We thank the reviewer for this precious feedback. We revised the manuscript accordingly, by expanding on the clinical relevance of our findings in relevant theoretical sections of the manuscript. In first step, we included a section of the discussion suggesting:

“The negative effect played by medical scholarly and professional experience in the neural response to others’ pain has been often interpreted in terms of decreased empathic response, possibly promoted by enhanced regulatory abilities (Cheng et al., 2007; Decety et al., 2010). […] This process has the beneficial effect of shielding physicians from the emotional weight sharing others’ suffering (Gleichgerrcht and Decety, 2014; Vaes and Muratore, 2013; Weilenmann et al., 2018), but at the same time exposes patients (especially women and individuals from ethnical minorities, Ghoshal et al., 2020; Greenwood et al., 2018; Kaseweter et al., 2012; Todd et al., 2000) to the risk of being unrelieved from their condition.” (Discussion, pages 21-22).

At the second step, we also modified portions of the Introduction and Discussion section addressing specifically the notion of Distrust. Also in this case, we expanded on these sections by highlighting their clinical relevance. Please see, for more details, to our reply to the subsequent point.

– I had a few issues with how Distrust was introduced, measured, and discussed in this paper. First, I think more justification in the Introduction for why practitioners might distrust patient pain report is warranted. Prior evidence that factors such as provider fear of patient opioid addiction and belief that women and racial/ethnic minorities exaggerate pain are relevant here (see review by Ghoshal et al., (2020) J Pain Res, work by Mende-Siedlecki et al., (2019), J Exp Psychol, and others). Several of these topics intersect with the broader issue of gender and racial/ethnic disparities in pain, which I realize is not the main focus of the present study. Nonetheless, this is a major applied area where provider pain underestimation is a known problem, and I think it could be acknowledged more in both the Introduction and Discussion to strengthen the clinical relevance of this paper.

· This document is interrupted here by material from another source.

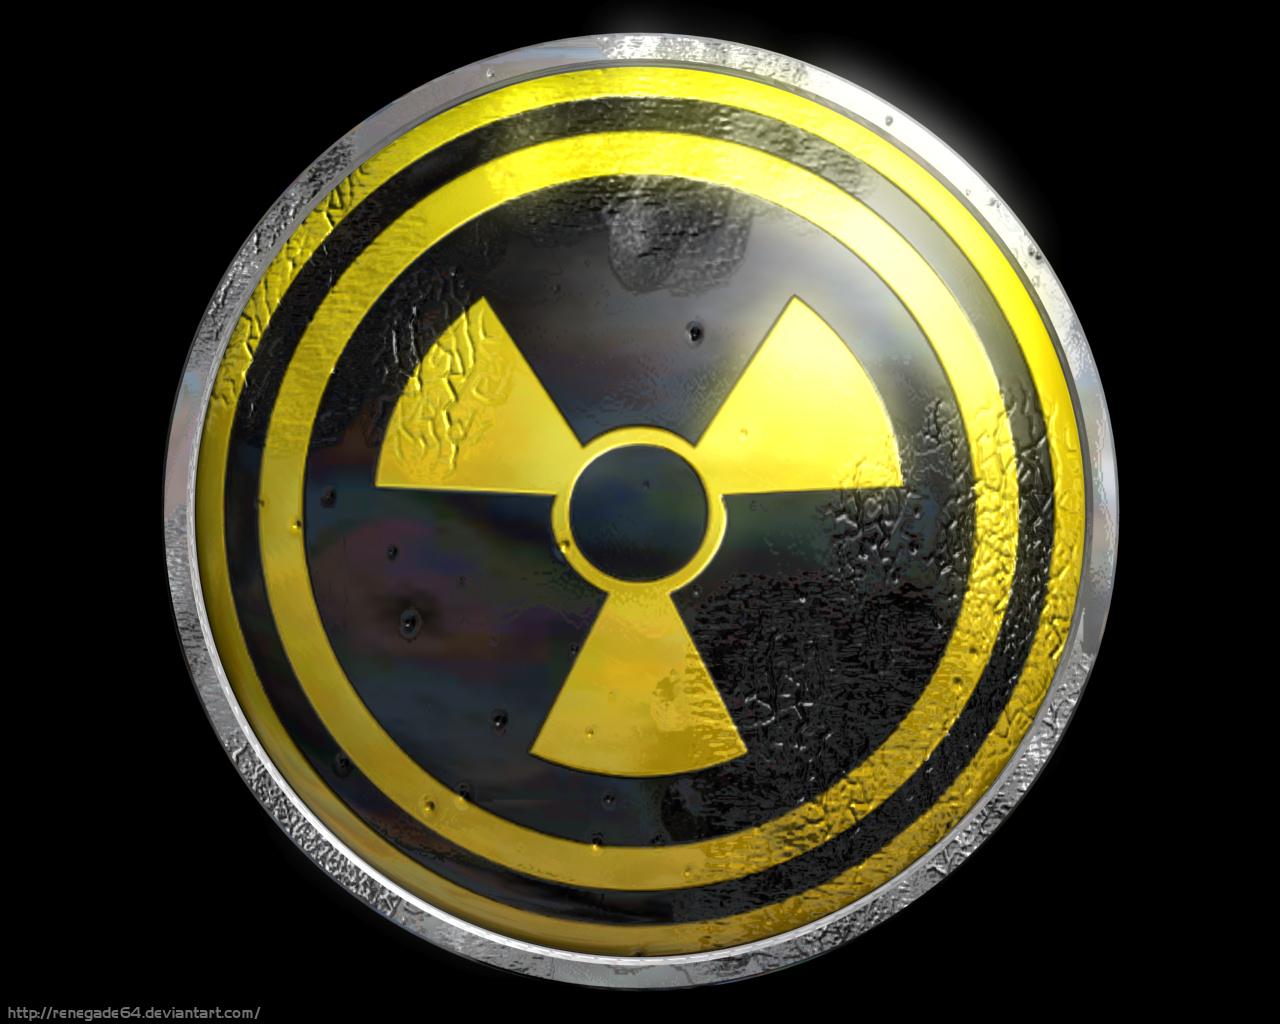 1920x1080 radiation sign symbol - photo #18
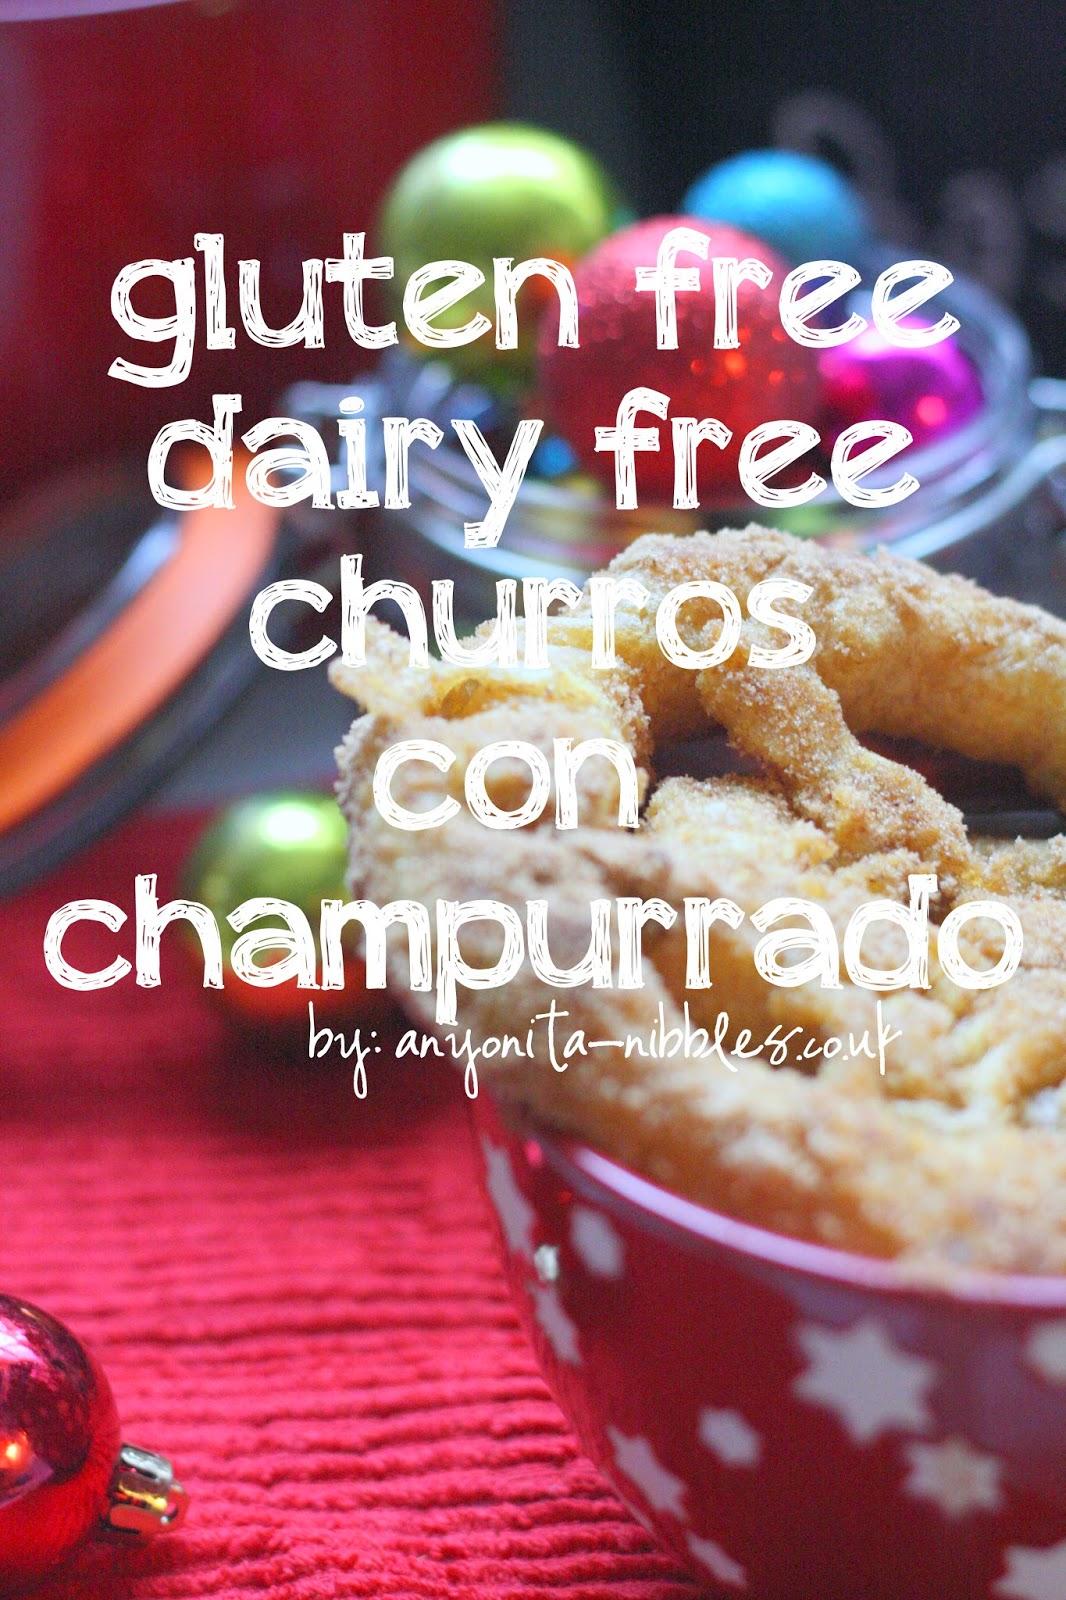 Gluten Free, Dairy Free Churros con Champurrado from Anyonita-nibbles.co.uk

Following our reply to the reviewer’s previous comment, we do acknowledge that the paper will benefit from a more in depth introduction and discussion of the notion of Distrust in relation to clinically-relevant topic, such as opiophobia and pain underestimation ethnic minorities. Please see the revised theoretical section of the manuscript.

“In clinical settings, acknowledging high levels of pain often leads to the prescription of strong analgesics, which however have contraindications for patients’ health (Buckeridge et al., 2010; Butler et al., 2016; Makris et al., 2014). Concerns for such side-effects (e.g., opiophobia) contribute to inadequate pain treatment in medical settings (Bennett and Carr, 2002; Bertrand et al., 2021; Corradi-Dell’Acqua et al., 2019), as healthcare providers prioritize those cases in which pain is unequivocally established. In this perspective, one study showed that doctors and nurses tended to underestimate pain in larger extent when presented with cues that patients might have lied or exaggerate their ratings (Kappesser et al., 2006).” (Introduction, page 4, lines 8-16).

“Our findings are particularly relevant in clinical settings, where pain appraisal is the basis for the selection of subsequent therapeutic procedures, including the prescription of strong (and potentially dangerous) painkillers. In this context, the deontological need to relieve patient’s pain is often counterweighted by the equally relevant need to prevent future side-effects and complications, a conflict that is often resolved by each individual based on personal ability to cope with uncertainty and sensitivity to errors (Corradi-Dell’Acqua et al., 2019). Obviously, a key source of information for these decisions is the reliability of available pain cues (e.g., is the facial expression genuine?) which, if estimated below a given threshold, can relieve caregivers from any struggle by prioritizing other clinical considerations over the management of patients’ pain. As unfortunate drawback, estimated reliability might be vulnerable to biases, including those related to the social and ethical condition of the patient. Previous studies showed that confronting individuals from different social and ethnic group can impact profoundly representation of trust and associated activity in VS (Hughes et al., 2017; Stanley et al., 2012, 2011), but also sensitivity to their pain (Avenanti et al., 2010; Mende-Siedlecki et al., 2019) including the neural responses in AI and dACC (Cao et al., 2015; Hein et al., 2010; Xu et al., 2009). As such, the interplay between the reward system and AI-dACC network might offer a plausible model to explain why specific social/ethnic categories are less likely to be acknowledged for their pain and receive adequate treatment. Future studies will need to explore this.” (Discussion, pages 24-25).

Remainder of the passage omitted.